2. File consistency: All backed up files should be consistent with each other, including the internal consistency of each file, which is also very important. If the relevant files are copied at different times, they may not be consistent with each other. MyISAM MYD and The MYI file is just a chestnut. InnoDB detects inconsistency or corruption and logs errors until the server crashes. For the non transactional storage engine MyISAM, it is necessary to lock the table and refresh it. This means either using a combination of LOCK TABLES and FLUSH TABLES to cause the server to flush changes from memory to disk, or using FLUSH TABLES With READ Lock. Once the refresh is completed, the original MyISAM file can be safely copied. For transactional storage engine InnoDB, ensuring file consistency is quite challenging. Even with FLUSH TABLES With READ LOCK, InnoDB still runs in the background: inserting cache, log, and write threads continues to merge changes into log and tablespace files. These threads are designed to be asynchronous (which is why InnoDB achieves higher concurrency) and are not related to LOCK TABLES. Therefore, it is not only necessary to ensure that each file is consistent internally, but also to simultaneously replicate logs and tablespaces at the same point in time. If there are other threads modifying files during backup, or if the backup tablespace is different from the log file time point, it will end again due to system damage after recovery. There are several ways to avoid this problem:

• Wait until InnoDB clears threads and inserts buffer merge threads. You can observe the output of SHOW INNODB STATUS and copy files when there is no dirty cache or pending write. However, this method may take a long time; Because InnoDB’s backend threads involve too much interference and are not very safe. Not recommended for use.

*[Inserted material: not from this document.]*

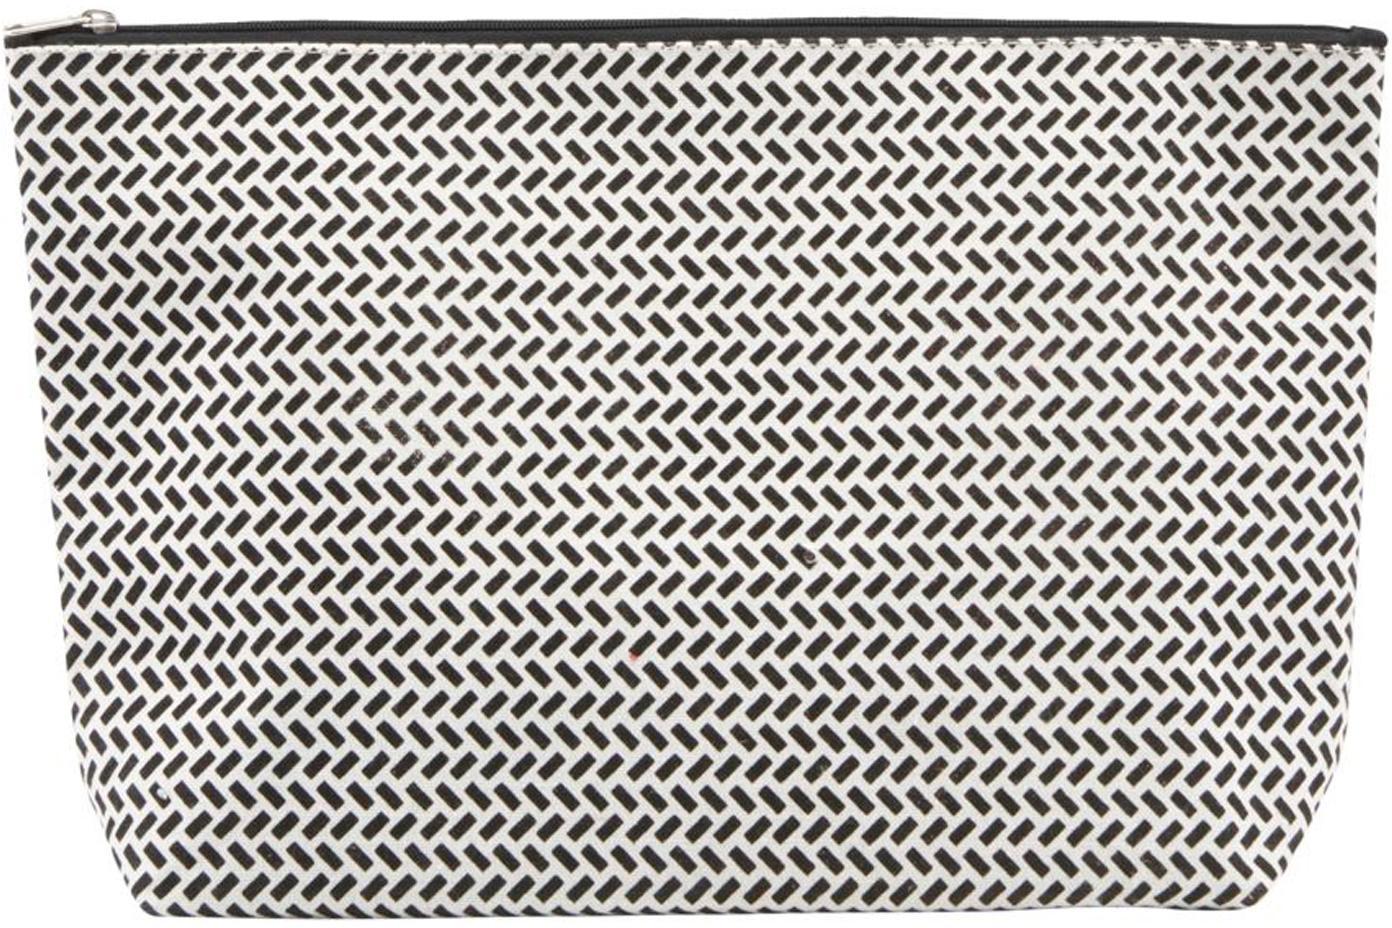 Portatrucchi con cerniera Paran, 38% cotone, 40% poliestere, 22% rayon, Nero, bianco, Larg. 32 x Alt. 20 cm
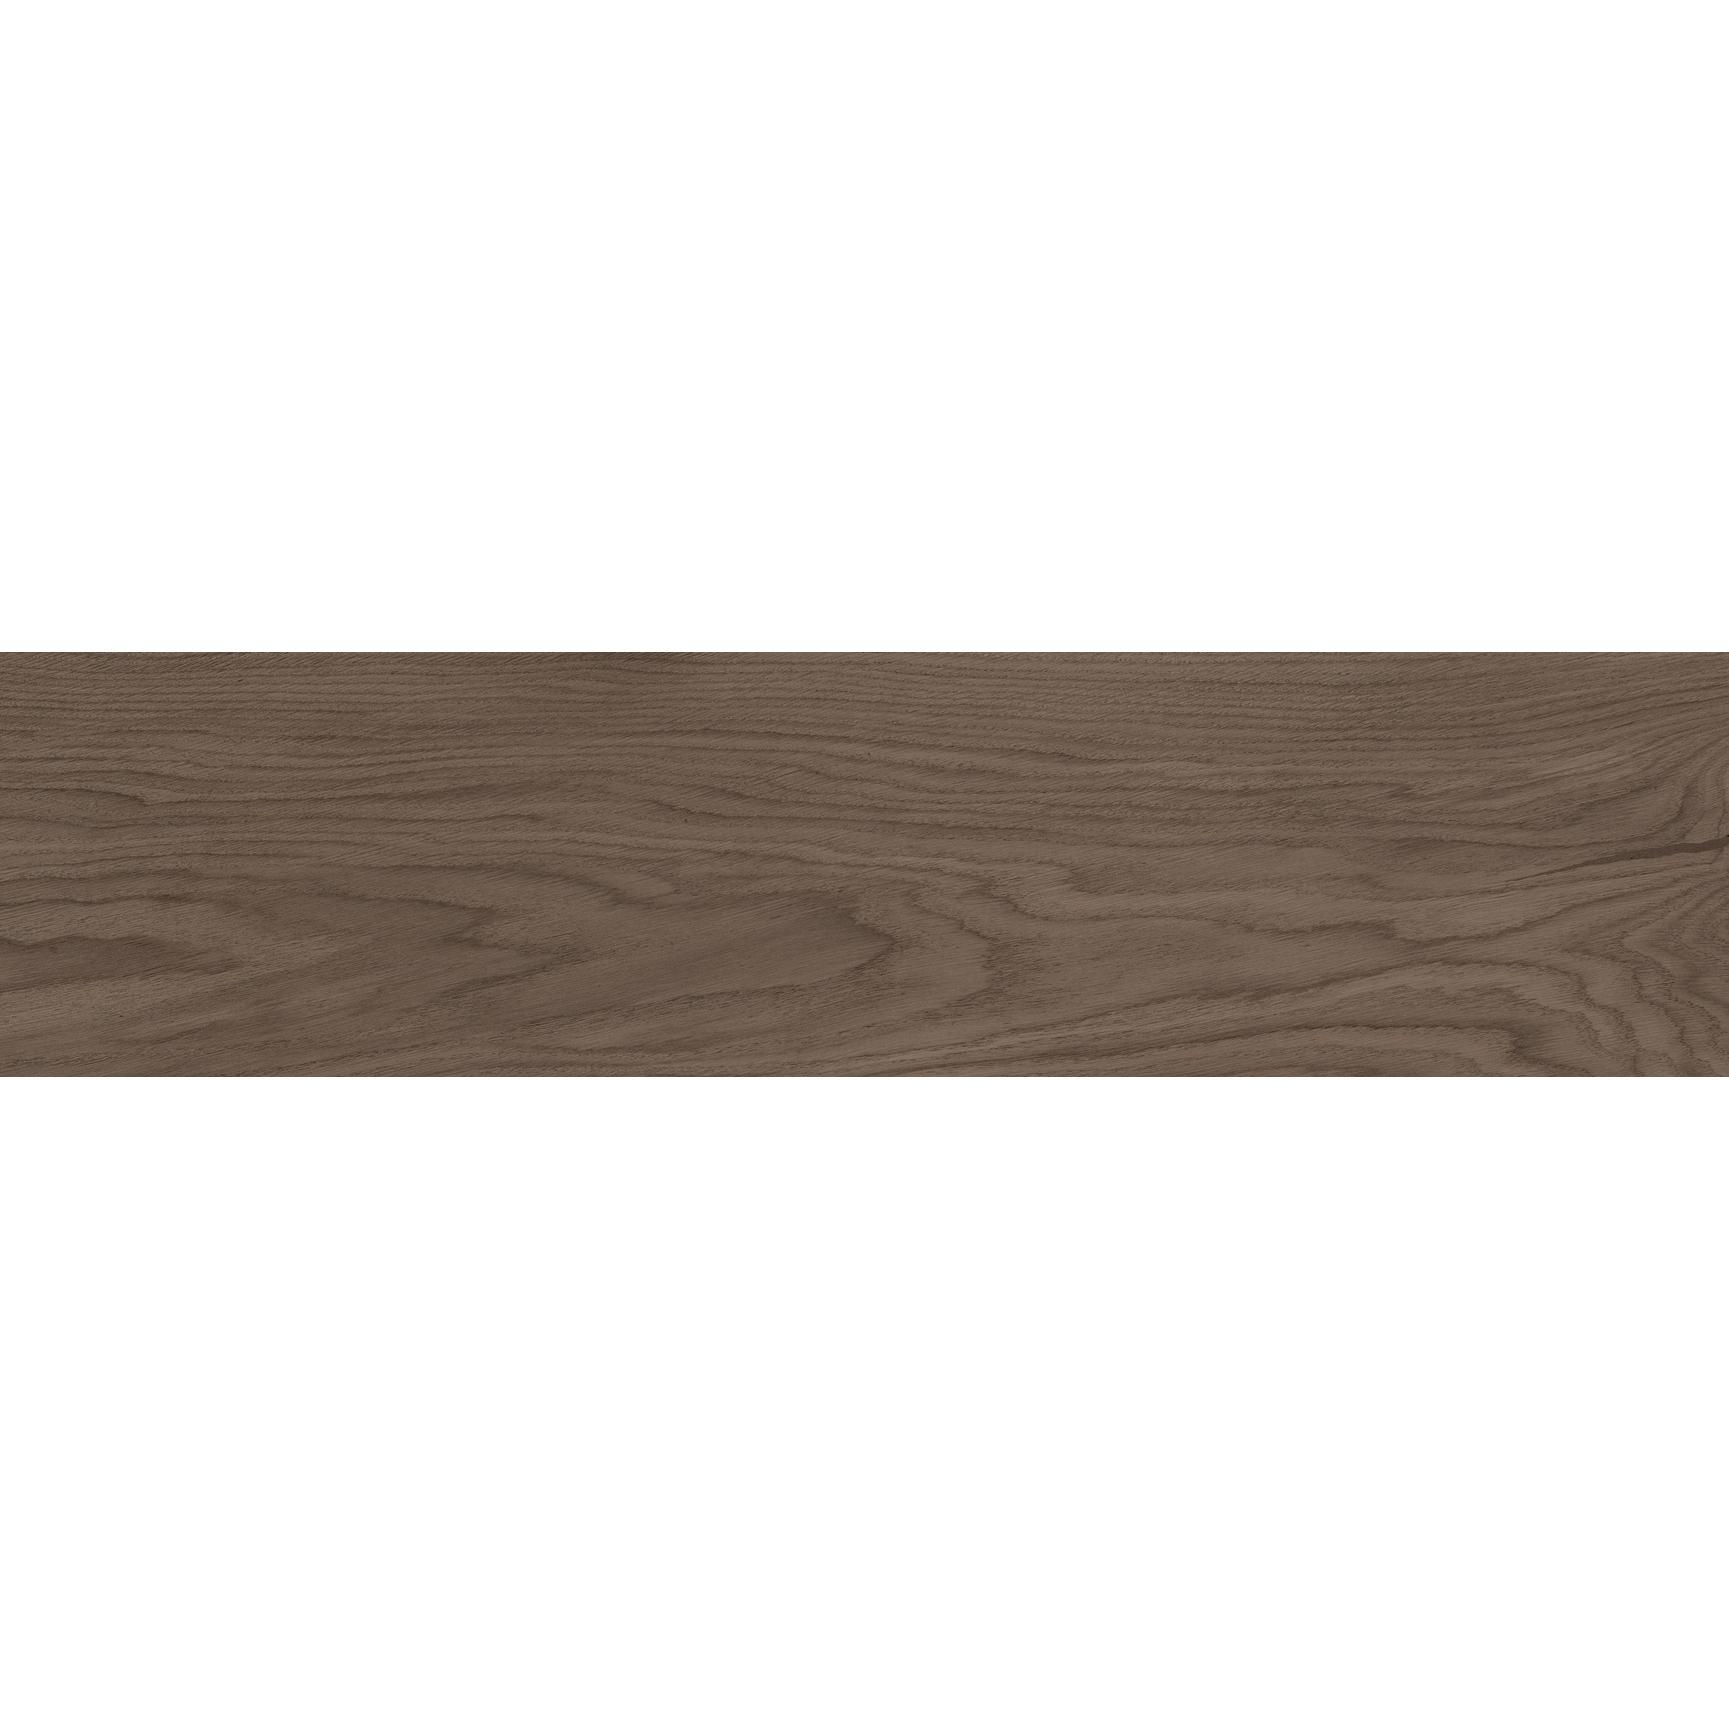 Płytki ceramiczne podłogowe Ixora Brown 15x60 gat. II

• To obtain snapshots of data and log files in a system similar to LVM (Logical Volume Manager), it is necessary to ensure that the data and log files are consistent with each other in the snapshot; Taking separate snapshots of them is meaningless.
• Send a STOP signal to MySQL for backup, and then send a CONT signal to wake up MySQL again. It may seem like a rarely recommended approach, but if another approach is to shut down the server during the backup process, then this approach is worth considering. At least this technology does not require preheating after restarting the server.

After copying the data to another location, the lock can be released to allow the MySQL server to run normally again. At the same time, it is also possible to backup from the backup database, which has the advantage of not interfering with the main database and avoiding adding additional load to the main database.